И, разведя руками, выписал Фому домой.
«Сбывшиеся фантазии разочаровывают», – закрыв книгу, подвёл черту Фёдор Швыков, отметив закладкой рассказ «Мотель летом». Было воскресное утро, но дела не ждали: Фёдор держал придорожную гостиницу, и нетерпеливые руки уже дёргали за дверной колокольчик. Весь день он крутился по дому, скрипя рассохшейся лестницей, однако история про Фому Квыча не шла из головы. «Зачем чужая жизнь, – чесал он затылок, принимая очередных постояльцев, – свою бы знать наперёд…» Раньше Фёдор служил в городском департаменте, но, поселившись у обочины, избавил себя от ежедневной улыбки начальства. Как и все рыжие, он был нечист на руку, но перед едой не забывал крестить лоб. И всё равно был несчастлив. Ему казалось, что он попал на свет с чёрного входа и бредёт на ощупь, спиной вперёд, боясь оступиться, словно под каждой половицей караулит смерть. «Не мечтать – значит и не жить, – приговаривал он, расхаживая по комнатам, – много мечтать – не жить вовсе…» В гостинице не было отопления, и зимой Фёдор закрывал лишние помещения, перебирался к камину, читал при лучине, ожидая Вербное воскресенье, когда вместе с пробившимися на лице веснушками откроет новый сезон.
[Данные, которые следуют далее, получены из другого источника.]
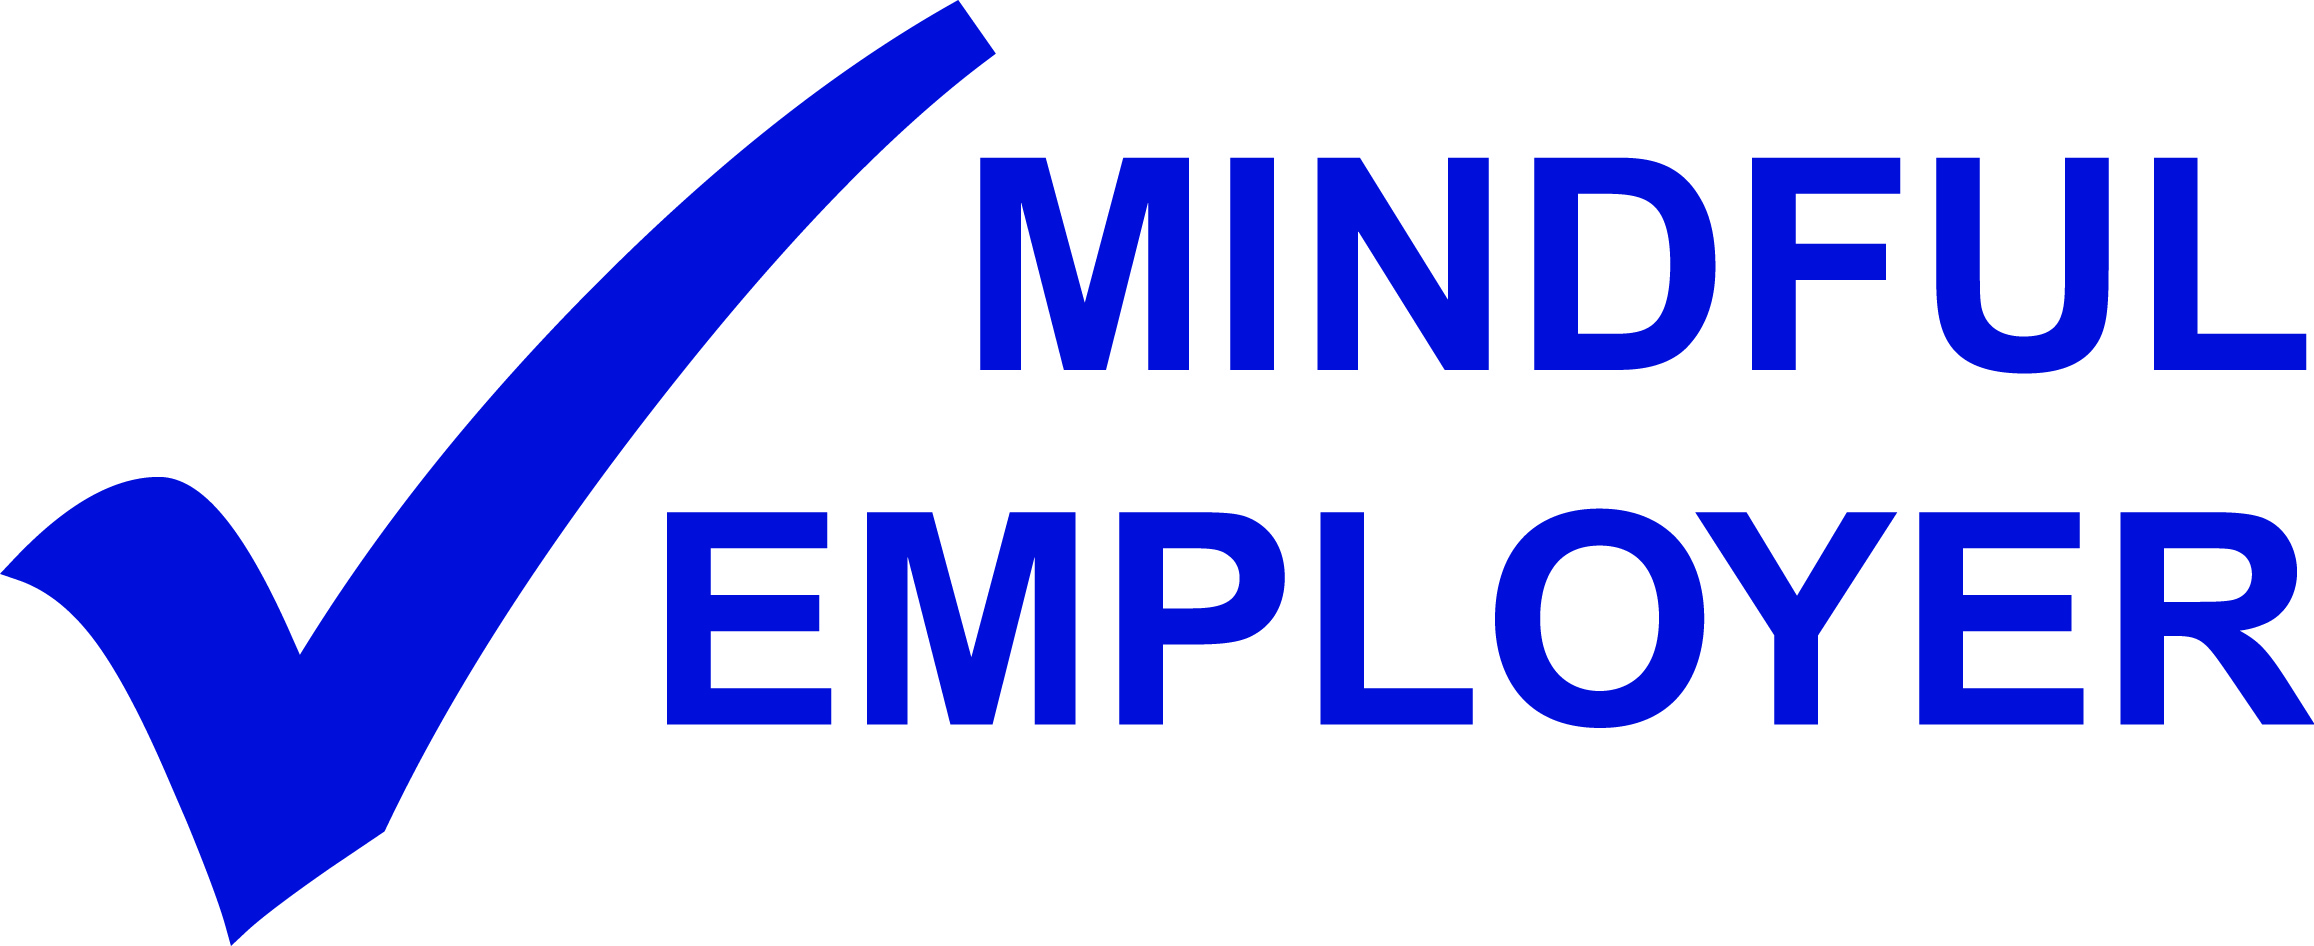 1 Mindful Employer logo blue jpeg 002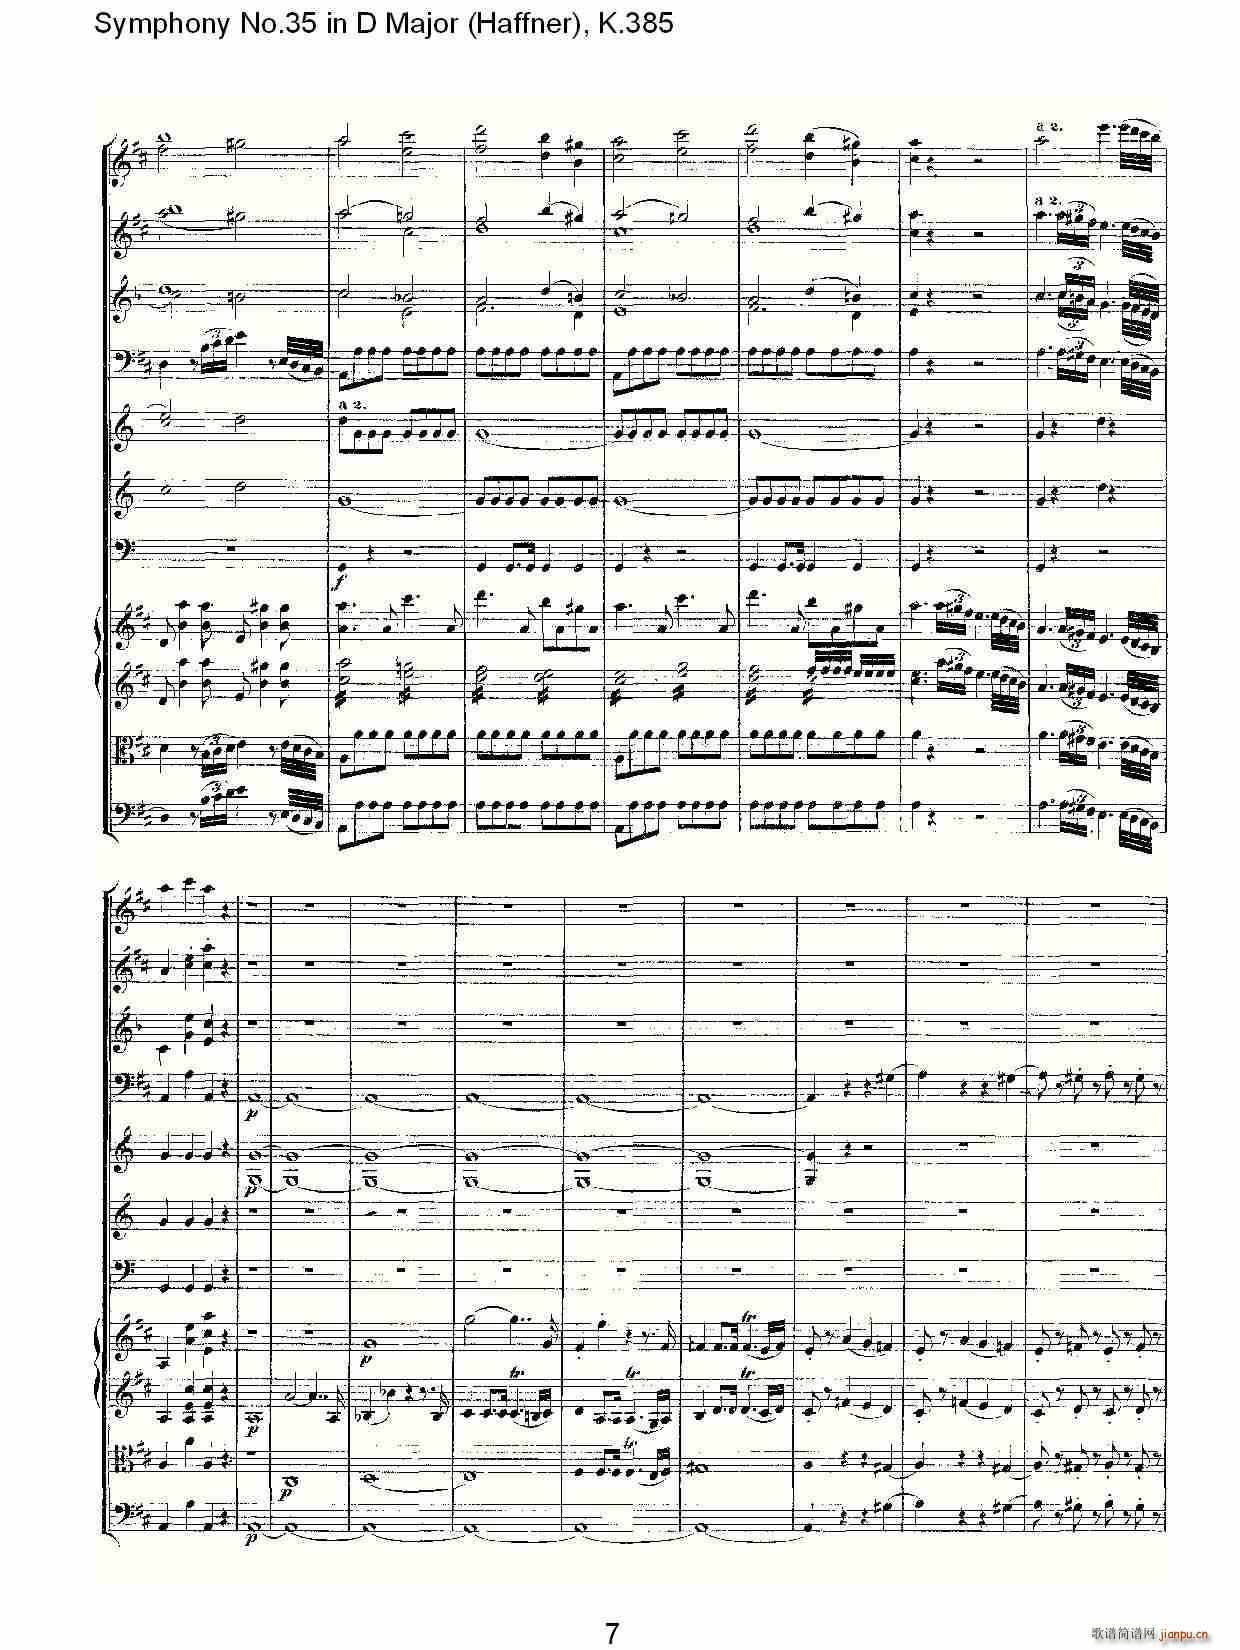 Symphony No.35 in D Major, K.385(ʮּ)7

К вечеру Фёдор устроил посиделки.
– Что в лоб, что по лбу, – разгрызая орехи, вспоминал он прочитанный накануне рассказ, – зачем искать счастье на стороне, влезая в чужую шкуру, когда другой всё равно такой же…
Постоялец с заспанными глазами тянул мелкими глотками пиво и меланхолично кивал. Костюм сидел на нём, будто кожа на барабане, и был таким чёрным, что казался белым.
– Вот если бы своё время уметь рассчитывать, – продолжал Фёдор, часто моргая.
– Знал я одного, – зевнул гость в чёрном, отставляя кружку, – предлагал всем махнуться не глядя – мыслями, возрастом, именем. Только ничего хорошего из этого не вышло – сгинул в степях, участвуя в татарских набегах…
– Не мечтать – значит и не жить, – завёл было Фёдор свою пластинку.
Но гость перебил:
– А вы бы согласились? В самом деле? – вдруг приблизил он кошачьи зрачки.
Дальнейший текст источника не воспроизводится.